System (Operator Tab)

For Joel only. Hidden for family members.

  • Inngest function list + recent runs + failures
  • Active coding loops (ralph iterations, story progress)
  • k8s pod status, resource usage
  • Qdrant collection stats, embedding queue
  • Worker health, function count, last heartbeat
  • Gateway session state (streaming, queue depth, uptime)
  • slog tail — recent system changes

Settings / Me

  • DID identity, handle, PDS status
  • Channel preferences (which channels are active, priority)
  • Notification preferences (categories, quiet hours, smart routing overrides)
  • Voice settings (voice ID, speed, personality adjustments)
  • Health sync toggles (which HealthKit categories to share)
  • Family network (connected PDSs, shared data)

2. Apple Watch App

The watch is a glance-and-voice surface. Don’t fight the screen size.

Complications

  • Next task — title + due time
  • System health — green/yellow/red dot
  • Active loops — count + status
  • Last agent message — preview text
  • Health score — agent’s daily assessment

Voice (Quick Agent)

Raise wrist, tap complication, talk.

  • LiveKit WebRTC via watchOS audio session
  • Short exchanges: “What’s next?” “Any notifications?” “Add a task”
  • Agent responds through watch speaker or AirPods
  • Auto-disconnect after 30s silence (save battery)

Tasks

  • Today’s tasks — swipe to complete
  • Quick add via voice
  • Shared family task list

Health Logging

  • Quick log: water, meals, mood, energy level
  • Workout detection → agent context (“Nice run — 5K in 28 minutes”)
  • Apple Watch sensor data (HR, HRV, blood oxygen) → HealthKit → PDS

Notifications

  • Smart haptics — different patterns for urgency levels
  • Inline reply for simple responses
  • “Handle this” quick action → agent takes default action

3. CarPlay App

The car is a voice-first, location-aware surface.

Voice Agent (Primary)

  • Always-on voice conversation while driving
  • LiveKit WebRTC via car’s audio system
  • Agent adjusts personality: concise, no code blocks, action-oriented
  • “What’s on my calendar?” “Read my last email from Sarah” “Add milk to the grocery list”

Dashboard

CarPlay template-based UI (CPListTemplate, CPInformationTemplate):

  • Next calendar event + ETA
  • Today’s priority tasks
  • Active reminders
  • System status (green/yellow/red)

Location Awareness

The killer feature. Agent knows where you are and acts on it.

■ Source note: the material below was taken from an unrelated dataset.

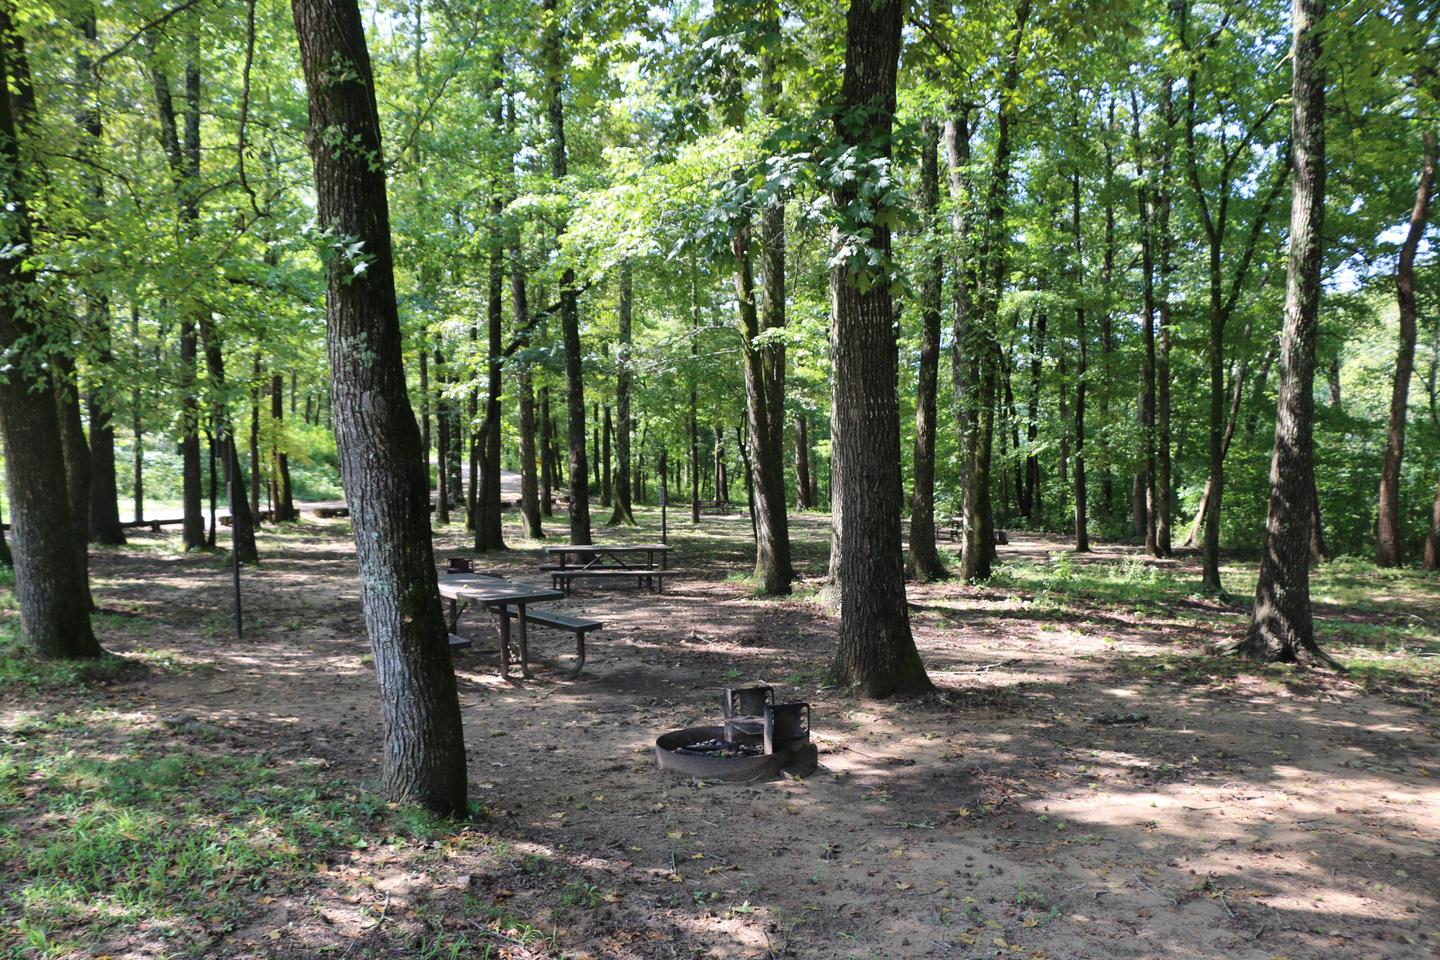 Ozark CampgroundShaded sites are available for tent camping at Ozark Campground.

  • Geofencing: “You’re at Target — you needed paper towels and batteries for the smoke detectors”
  • Proximity alerts: “You’re 5 minutes from home — want me to text [partner] your ETA?”
  • Commute context: “Traffic is heavy on 101, 45 minutes to the office. You have a meeting in 30 — want me to message them you’ll be late?”
  • Errand optimization: “You have 3 errands today. Target is on the way to the dentist — want to stop there first?”
  • CoreLocation significant location changes + geofence monitoring
  • Location events → PDS → Inngest → agent context

Handoff

  • Start a conversation on CarPlay → continue on phone when you park
  • Voice transcript available in chat tab
  • Decisions captured during drive → task list updated

Smart Notification Routing

The agent decides where and when to notify, not just what.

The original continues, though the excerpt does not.